Segment Start: DATA FOR THIS EXERCISE

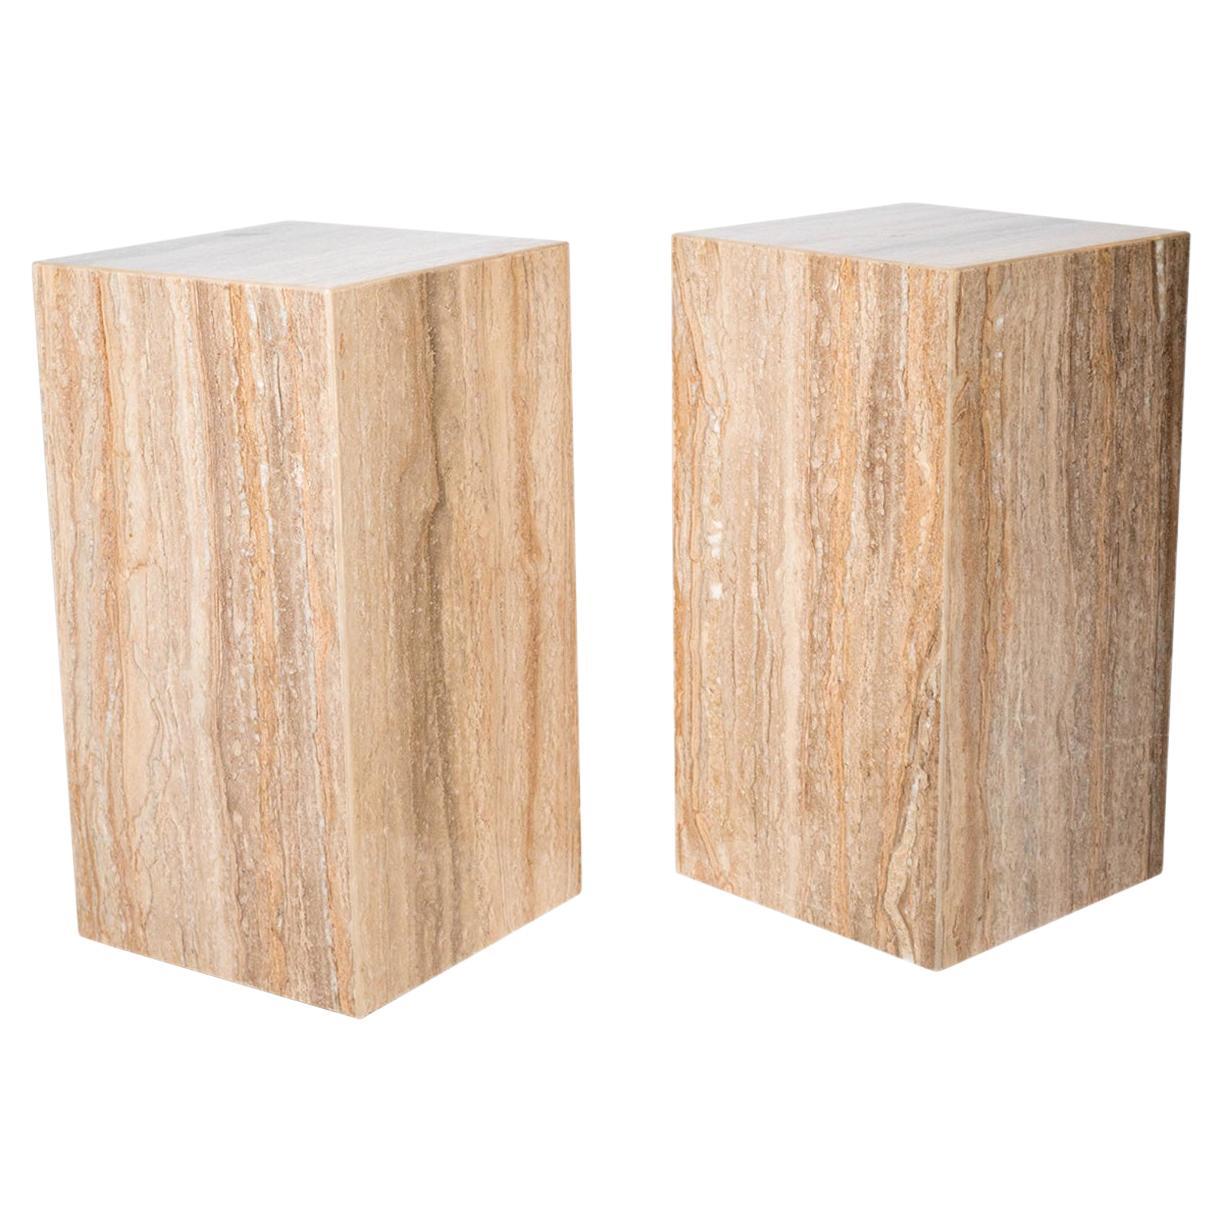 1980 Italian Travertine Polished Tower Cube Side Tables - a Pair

Segment End: DATA FOR THIS EXERCISE
Segment Start: DATA FOR THIS EXERCISE

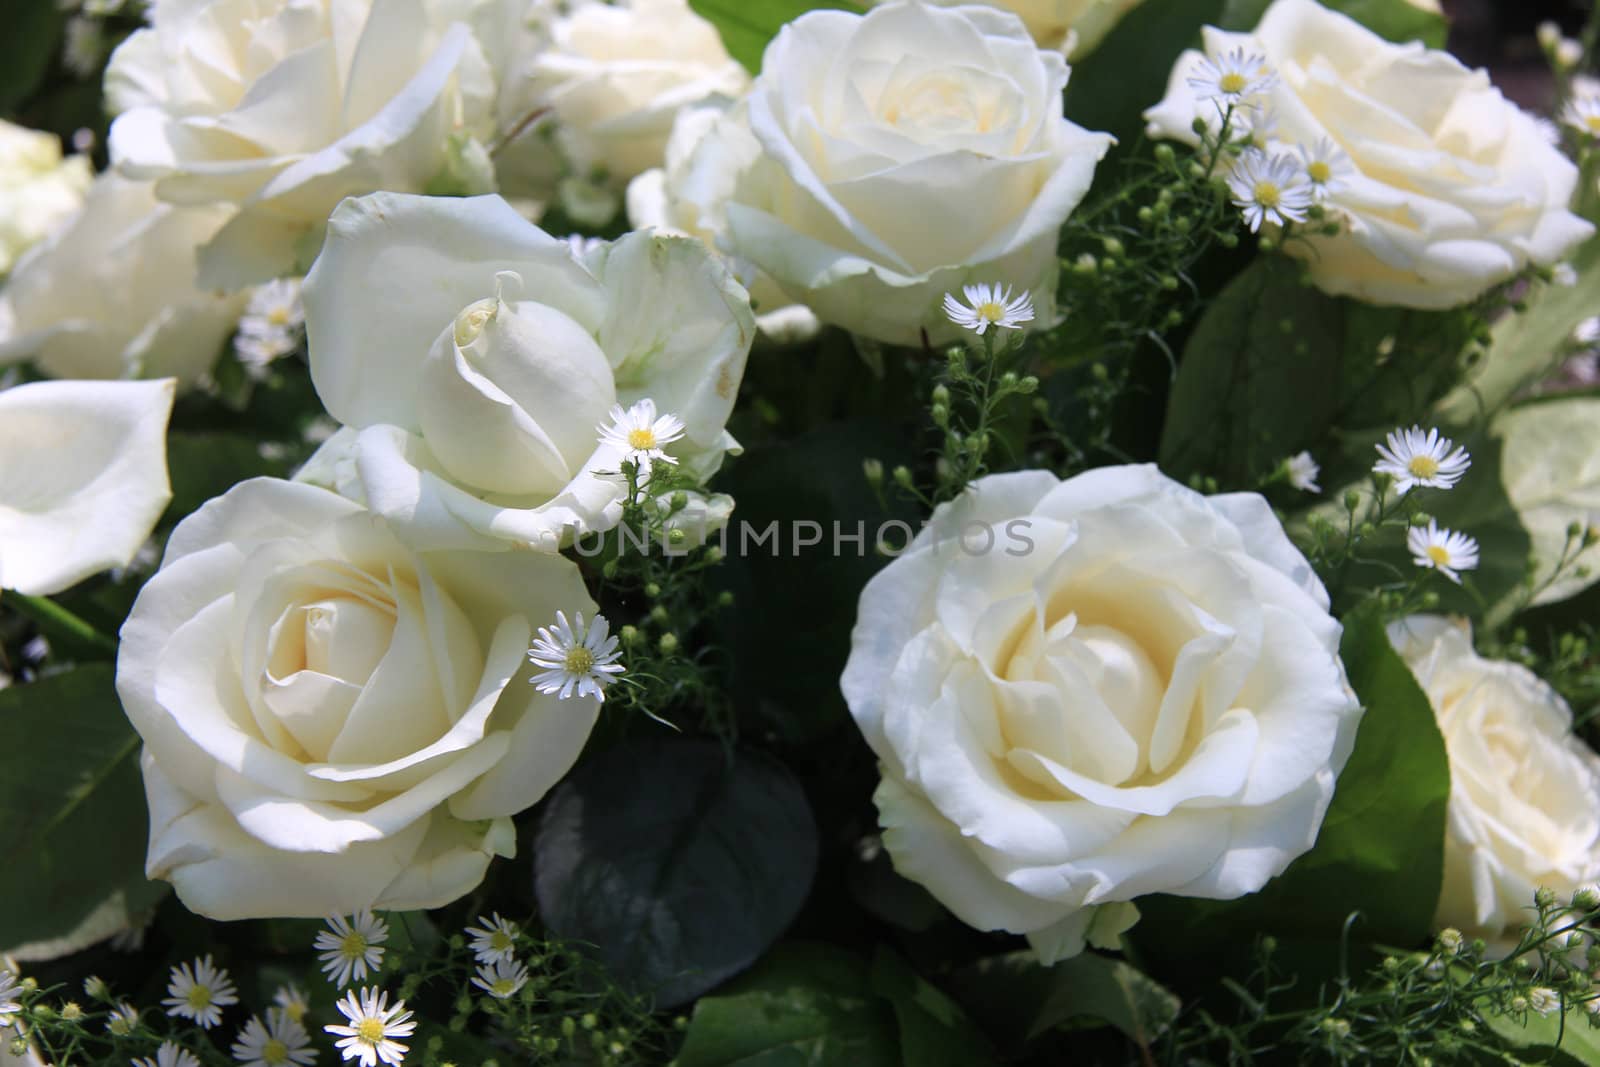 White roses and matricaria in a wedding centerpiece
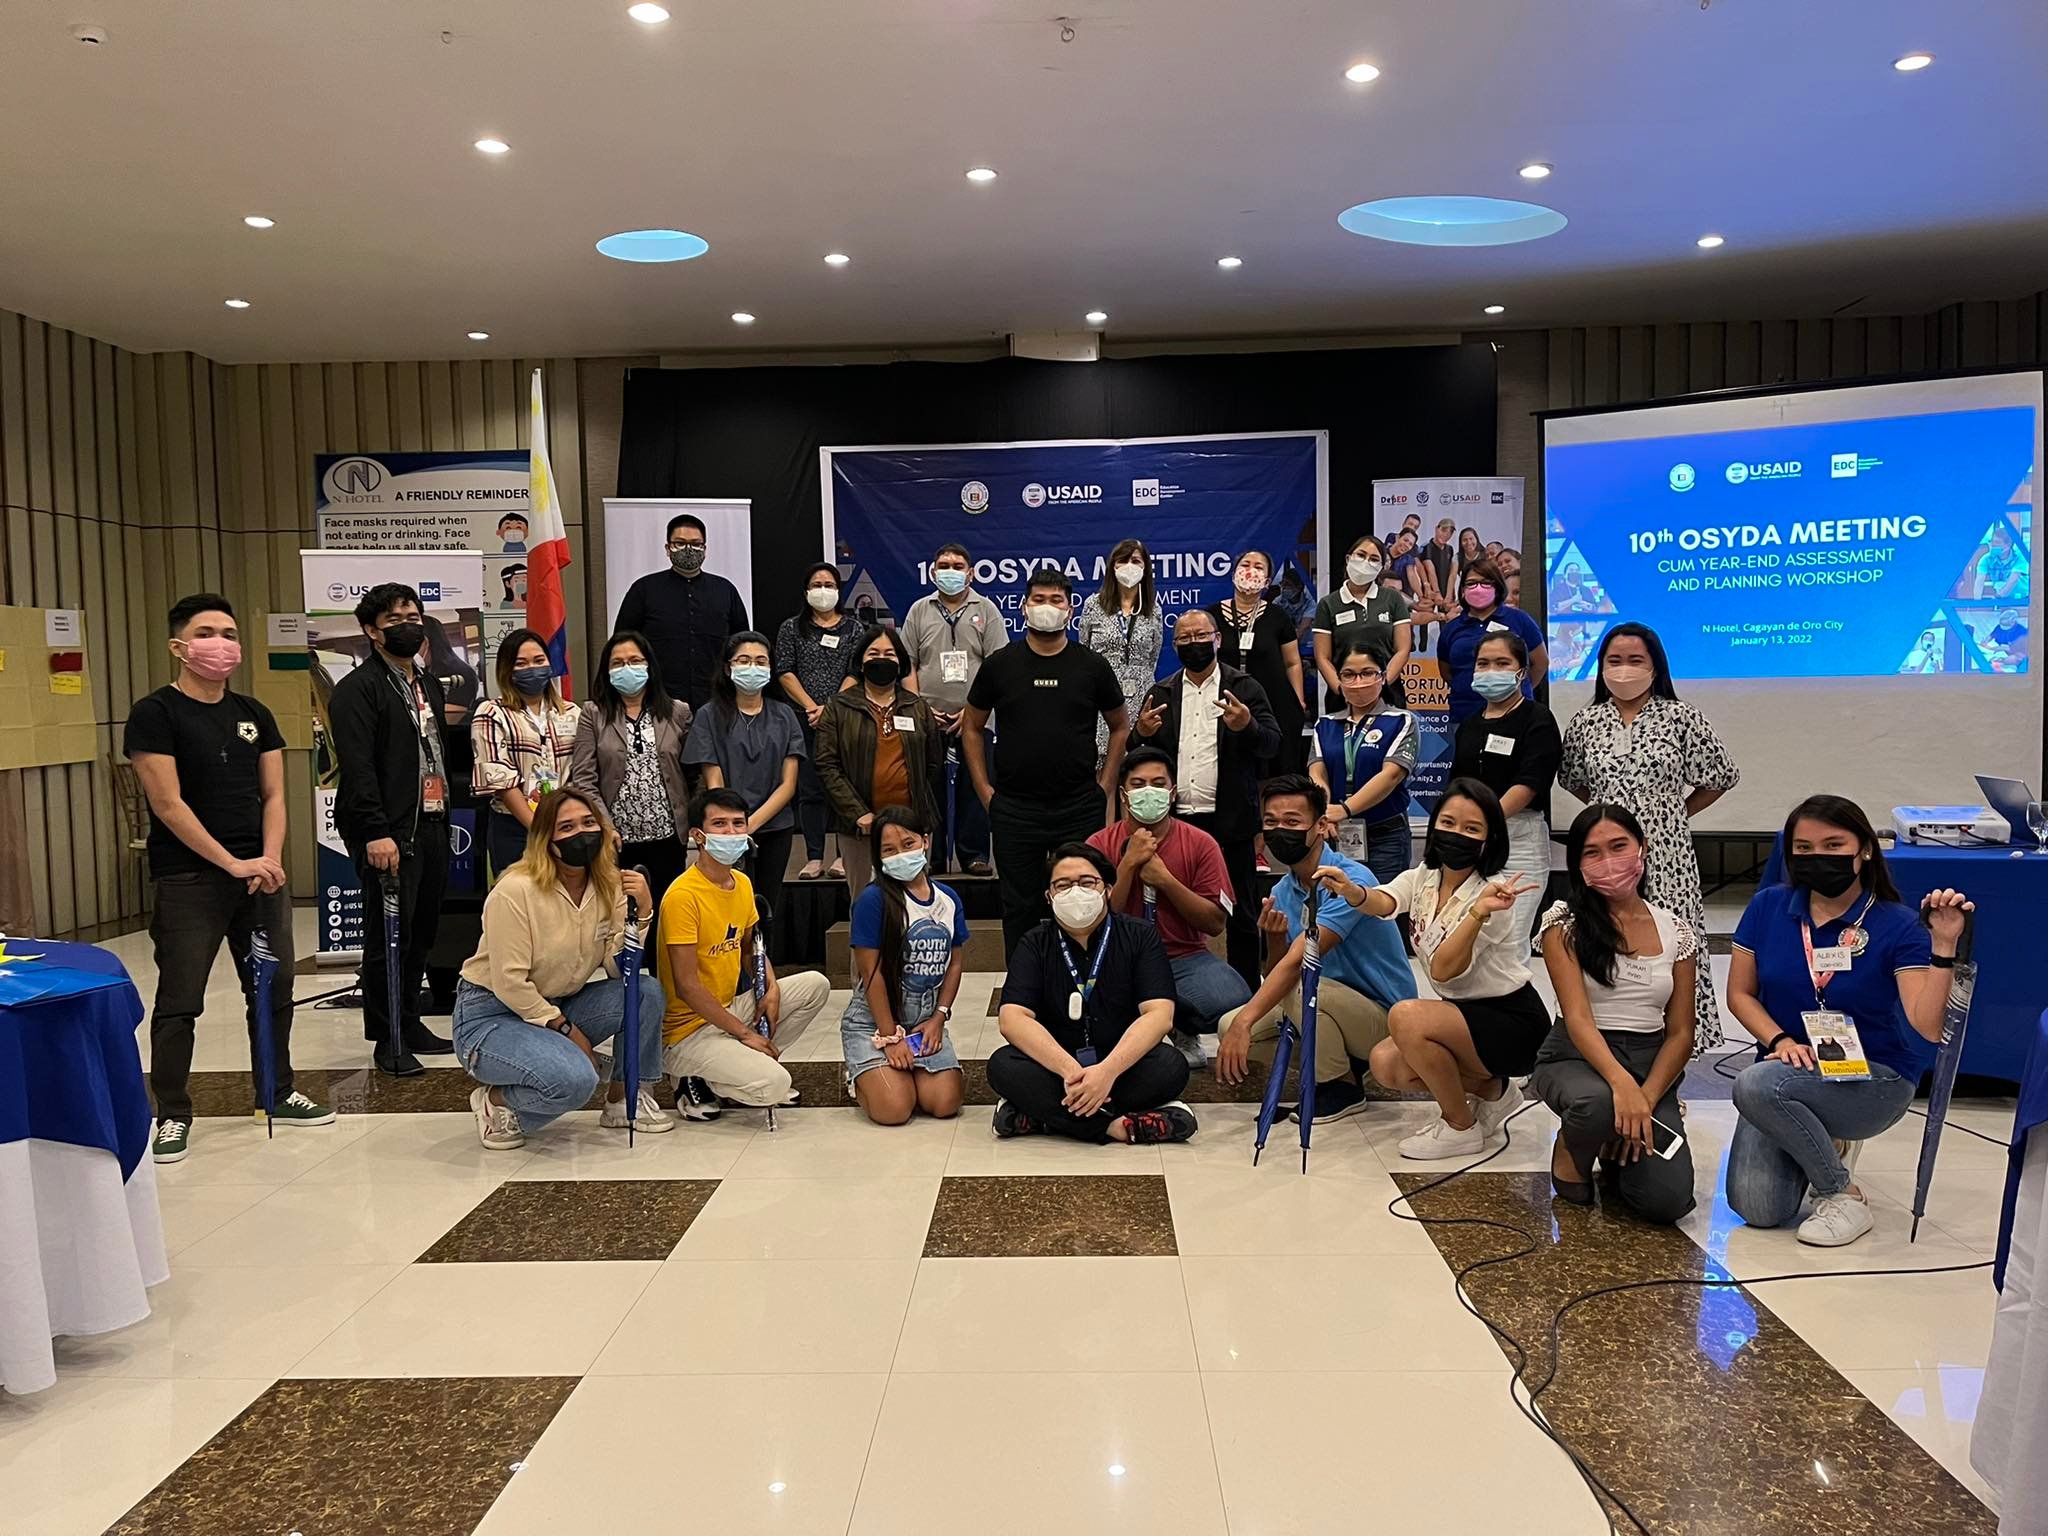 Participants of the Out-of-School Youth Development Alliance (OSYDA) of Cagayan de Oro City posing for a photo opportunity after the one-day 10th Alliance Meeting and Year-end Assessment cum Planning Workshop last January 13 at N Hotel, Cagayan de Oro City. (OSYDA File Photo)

Segment End: DATA FOR THIS EXERCISE

▸ EXERCISE OBJECTIVE
Quote word for word only the lines above from the one containing "White roses and" through the one containing "Participants of the". Pictures stay out of your copy.

▸ ANSWER SPACE
 White roses and matricaria in a wedding centerpiece
 Participants of the Out-of-School Youth Development Alliance (OSYDA) of Cagayan de Oro City posing for a photo opportunity after the one-day 10th Alliance Meeting and Year-end Assessment cum Planning Workshop last January 13 at N Hotel, Cagayan de Oro City. (OSYDA File Photo)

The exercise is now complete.